I am going to have one very busy weekend. I also think that if I do not soon paint this kitchen, I am going to go entirely insane. I cannot take it ANY MORE.

I invented a way to make a shirt out of a pillow case and it is so cute! Now I need Ruthann’s sewing machine.

What a horrid headache I have.

Open Book Test: From a February 2 years ago

When: February 2013–2 years ago
Where: Northwest corner of USA
What: My husband is having trouble healing the way the doctor intended, after the third of what we never imagined would be nine reconstructive surgeries over 17 months
Age:  42

Well well well.  No thank you Mercury for your f*ing retrograde self.  We merrily drove to Seattle to see Dr. JR today and got slapped down.  Poor P. Poor me.  F* ing Dr. JR.  Some stitches on P’s right nostril didn’t hold—again, apparently—and he wasn’t all that nice about it.  Not like being nice is really required, but we’d gotten a little used to it.  He scolded us heartily and told P to come back next Friday, and we’ve added another surgery to this.

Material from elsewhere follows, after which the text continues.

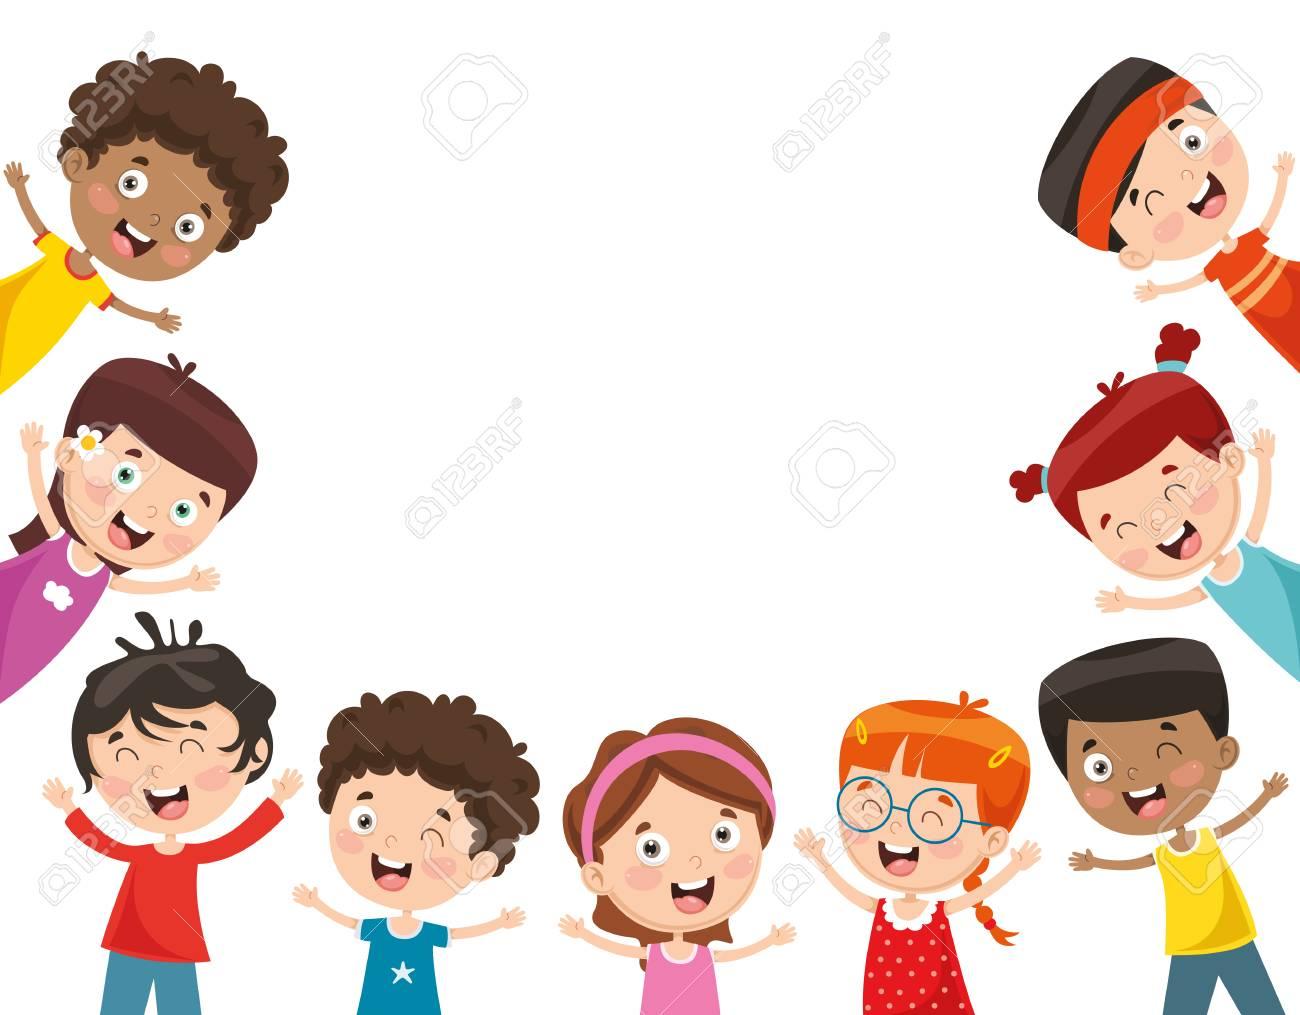 Vector Illustration Of Happy Children - 112470162

P is sorry he even started.  So am I, honestly.  And today, I think Dr. JR was too.  It’s long and hard and discouraging for him, too.  It was a very very bad day.  P is depressed and honestly so am I.  I feel like it will never end.  Now P has to be super calm and careful for a week, because if one more inside stitch goes, the rib cartilage will die and then… we start over.

Please God, don’t let that happen to us.  We’ve been stupid and wrong.  We’ve lied and made bad decisions about money and other things.  But please have mercy on us and don’t punish us anymore, just now.  Have mercy on us and let us heal.  I wish I could help his boredom/loneliness/desperation.  But I am out of ideas.

I am the one with nothing and no one, just a broken husband, beautiful as the sun but sliced and cut so many times he is unrecognizable.

Tell me what is the right thing to do.  Tell me clearly.  Write it on the wall.  I am so tired.